When I studied the history of science at university in the ’80s, I learned that science is often shaped by the context of the time. So when I began research for Darwin’s Hunch, I was curious to find out how the changing times had shaped the search for human origins. For over a century, scientists rejected Darwin’s theory that humans evolved in Africa, but today it is widely accepted.

One of the fascinating things I found was that anthropologist Raymond Dart has a lot in his papers that he did not share with the world. Many of his scientific practices were shaped by colonial thinking. Dart collected human skeletons in an effort to understand what he called “race typology”, which he believed held clues to evolution.

Paging through his documents, I learned the disturbing story of how one of those skeletons came into his collection, a story that remained hidden in the archives for 75 years, and which showed how scientific methods at the time treated human beings as specimens.

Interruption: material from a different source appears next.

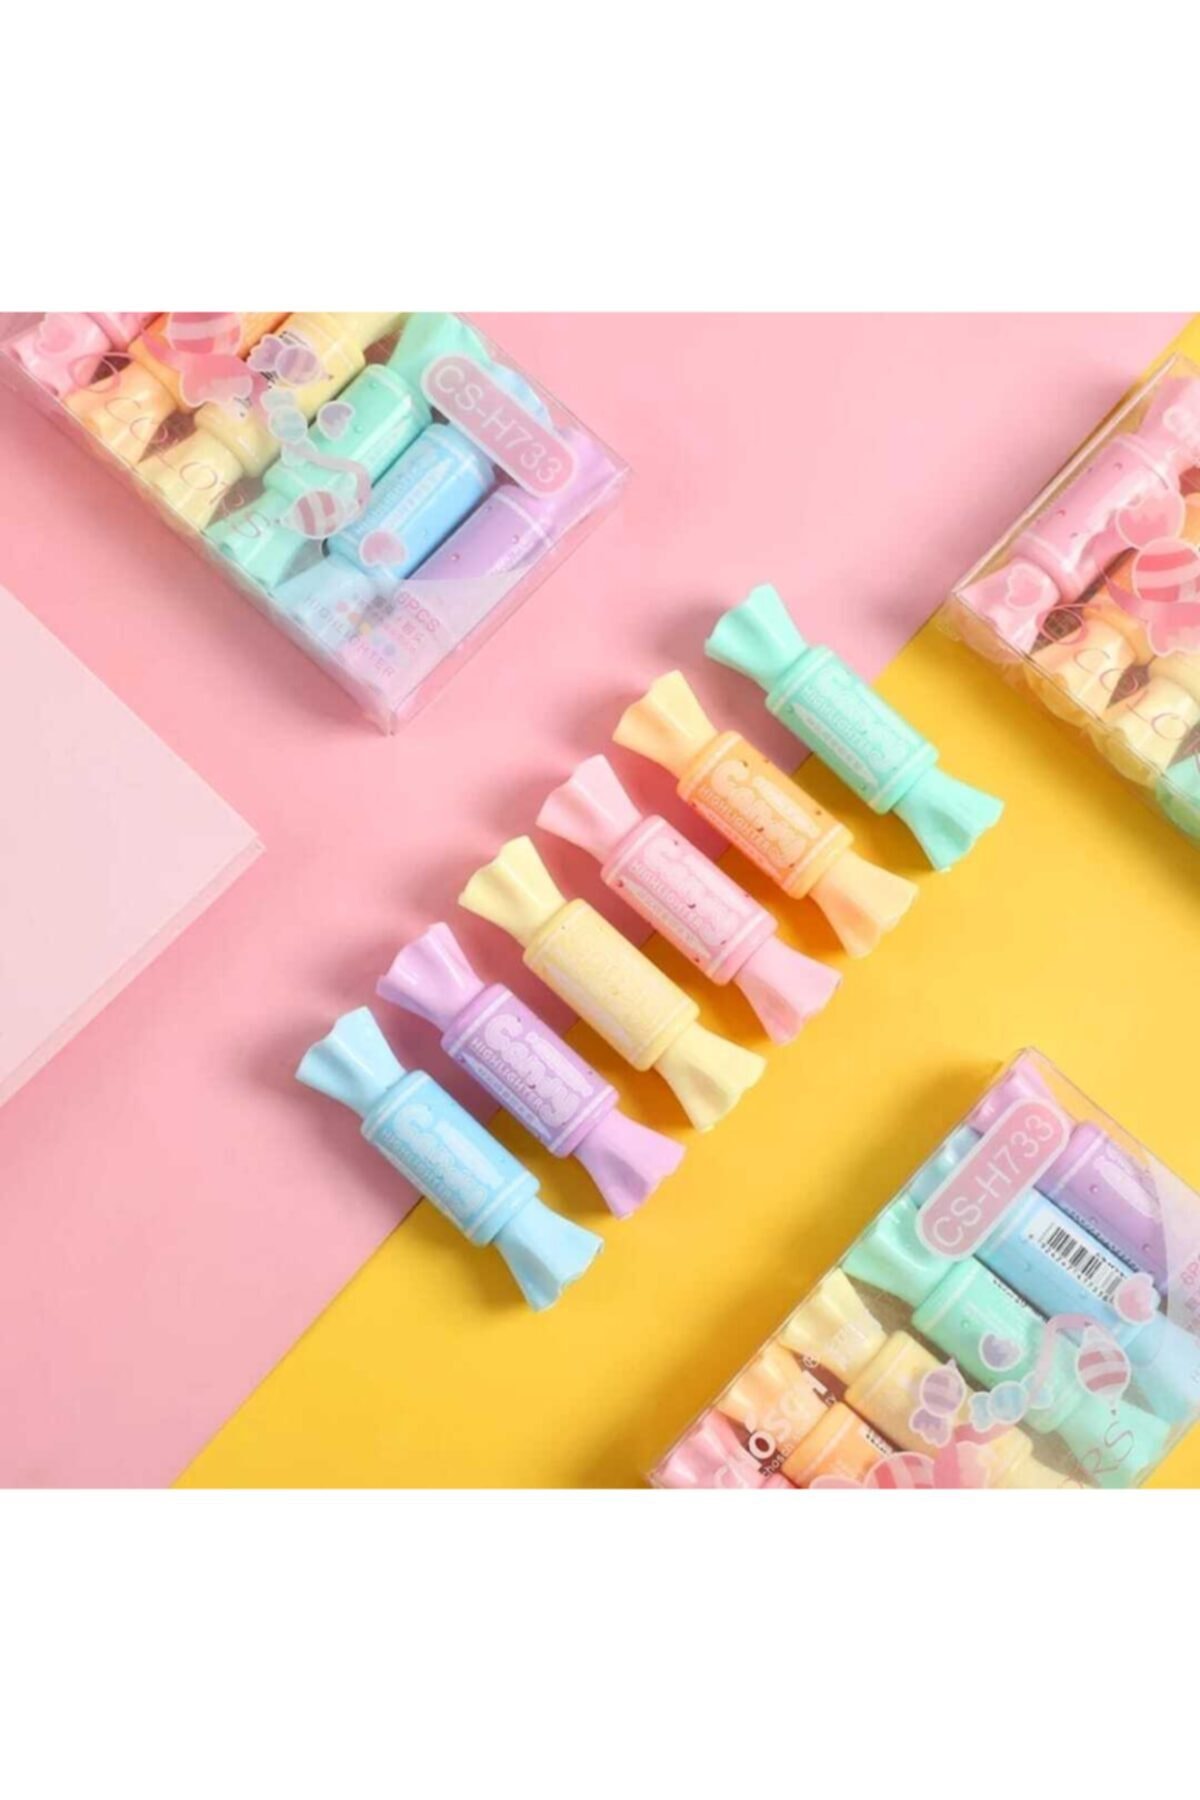 EGE FOTOKOPİ ve KIRTASİYE Sweet Candy - Şeker Şekilli Fosforlu Kalem Seti - Çift Taraflı 6 Renkli Set

Phillip Tobias was Dart’s successor as the head of the department of anatomy at Wits Medical School so it was interesting to learn more about his relationship with Dart. I delved into some of Tobias’s papers as well, and it was surprising to see how his thinking on race and human evolution shifted from his youth in the 1940s through to his death in 2012. Back in the 1950s and ’60s, it was one of Tobias’s colleagues, Hertha de Villiers, who helped to shift scientific thinking away from Dart’s race typology. It was fascinating to learn about this accomplished scientist and her work.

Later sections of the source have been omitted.